How to Read Nonfiction Like a Professor: A Smart, Irreverent Guide to Biography, History, Journalism, Blogs, and Everything in Between by Thomas C. Foster
Author:Thomas C. Foster
Language: eng
Format: mobi, epub
Tags: Language Arts & Disciplines, Rhetoric, Subjects & Themes, Books & Reading, Literary Criticism, Politics
ISBN: 9780062895882
Publisher: HarperCollins
Published: 2020-05-25T21:00:00+00:00
FIRST, DO THE “FACTS” SQUARE WITH WHAT WE ACTUALLY KNOW ABOUT THE WORLD? I often find myself balking at some claim that brings me up short with a response that feels more than says, that doesn’t sound right to me. From that little nagging voice, I know that sooner or later I’ll have to do some fact-checking. Might as well be sooner, so that dubious factoids don’t stick. Happily, this is easier than ever. When I read a newspaper, I nearly always have two devices at hand with which I can do a quick browser search (often, I’m reading it on one), and the results surface in about as long as it takes me to type the question. How do we develop that little nagging voice? Practice. Reading reliable, objective sources about what the world actually looks like. For all the abuse that mainstream media take from those on the loonier fringes, our major news sources are actually pretty trustworthy. Perfect? No. But more accurate than most of the alternatives.

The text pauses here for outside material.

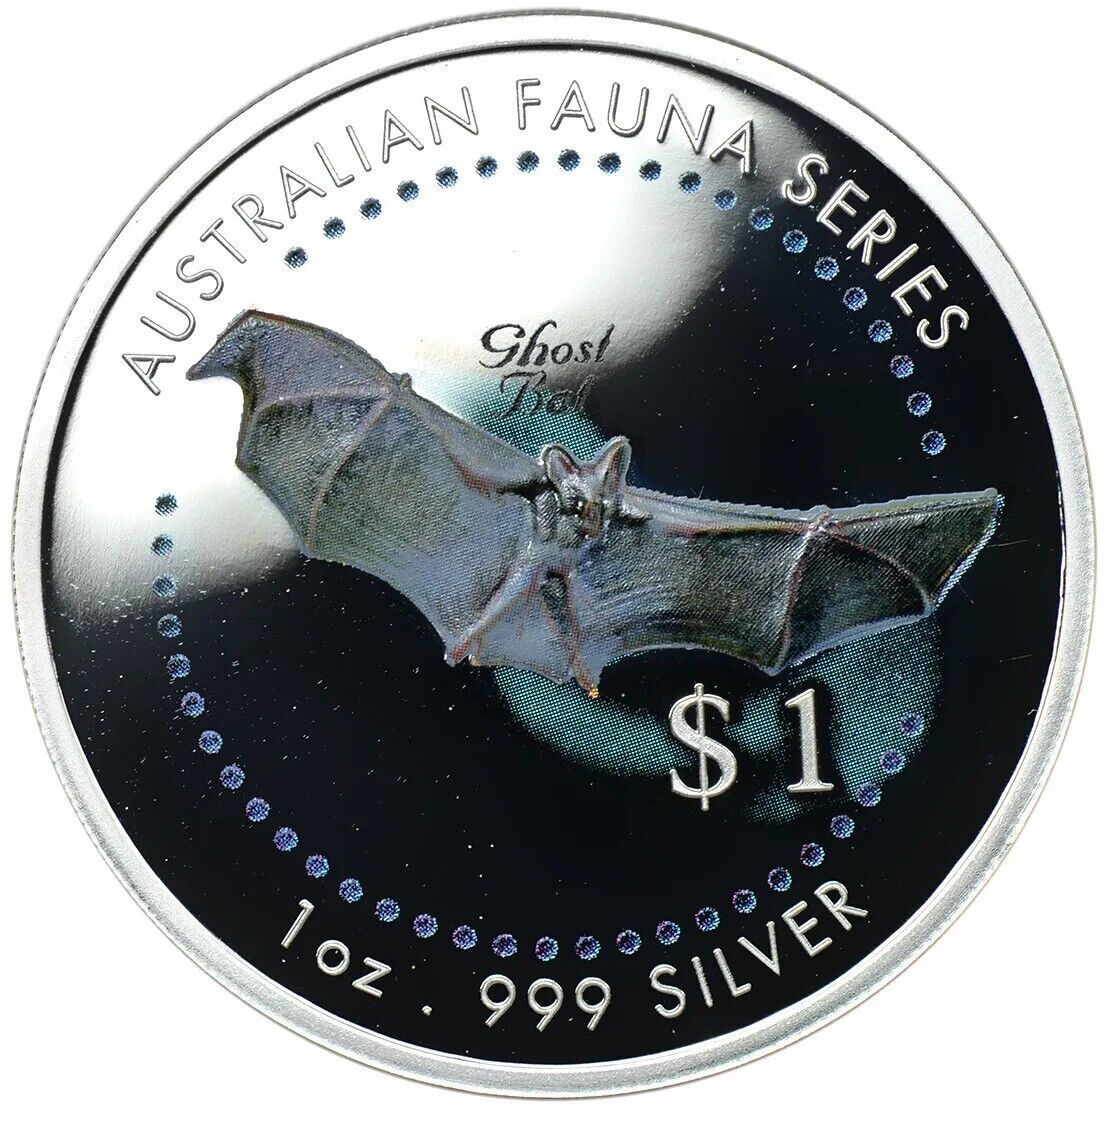 1 Oz Silver Coin 1998 Cook Islands $1 Australian Fauna Series Ghost Bat-classypw.com-1

SECOND, IS THE SOURCE OF THAT ASSERTION RELIABLE? If the issue is tobacco use and the source is the tobacco industry, I’m not buying. Hell, if the issue is anything and the source is the tobacco industry, I’m not buying. Those folks have not proved to be paragons of honesty down the decades. For me, and I hope for you, facts are more likely to be trustworthy if they come from independent sources whose money is not derived from products involved in the story. Facebook is no more likely to tell the truth about internet security than Koch Industries is about energy extraction. Each has too much at stake.
ARE THE FACTS BEING USED FAIRLY OR MISAPPLIED? Cherry-picked factoids are worse than none at all. If the columnist pulls out a tiny sliver of a statistic, my skin itches. What we want to know is if the columnist, before sending in his copy, could honestly add a disclaimer, “No facts were harmed in the making of this opinion.”
ARE FRIENDS AND ENEMIES (THE LATTER ESPECIALLY) BEING QUOTED ACCURATELY? We’ve all seen quotes taken out of context and made to say the opposite of what was originally intended. Yes, so-and-so did say those six words in sequence, but if you omit the “not” that preceded them, you’ve just committed intellectual fraud.
DO THE ARGUMENTS ACTUALLY SUPPORT THE CLAIMS THAT ARE MADE, OR DO THEY REQUIRE A PREEXISTING BIAS IN LINE WITH THE WRITER’S? If all you are doing is preaching to the choir, what’s the point? You don’t have to convert your opponents (a nearly impossible job in any case), but the argument should at least have a chance with an impartial, intelligent observer who has not yet decided what she thinks.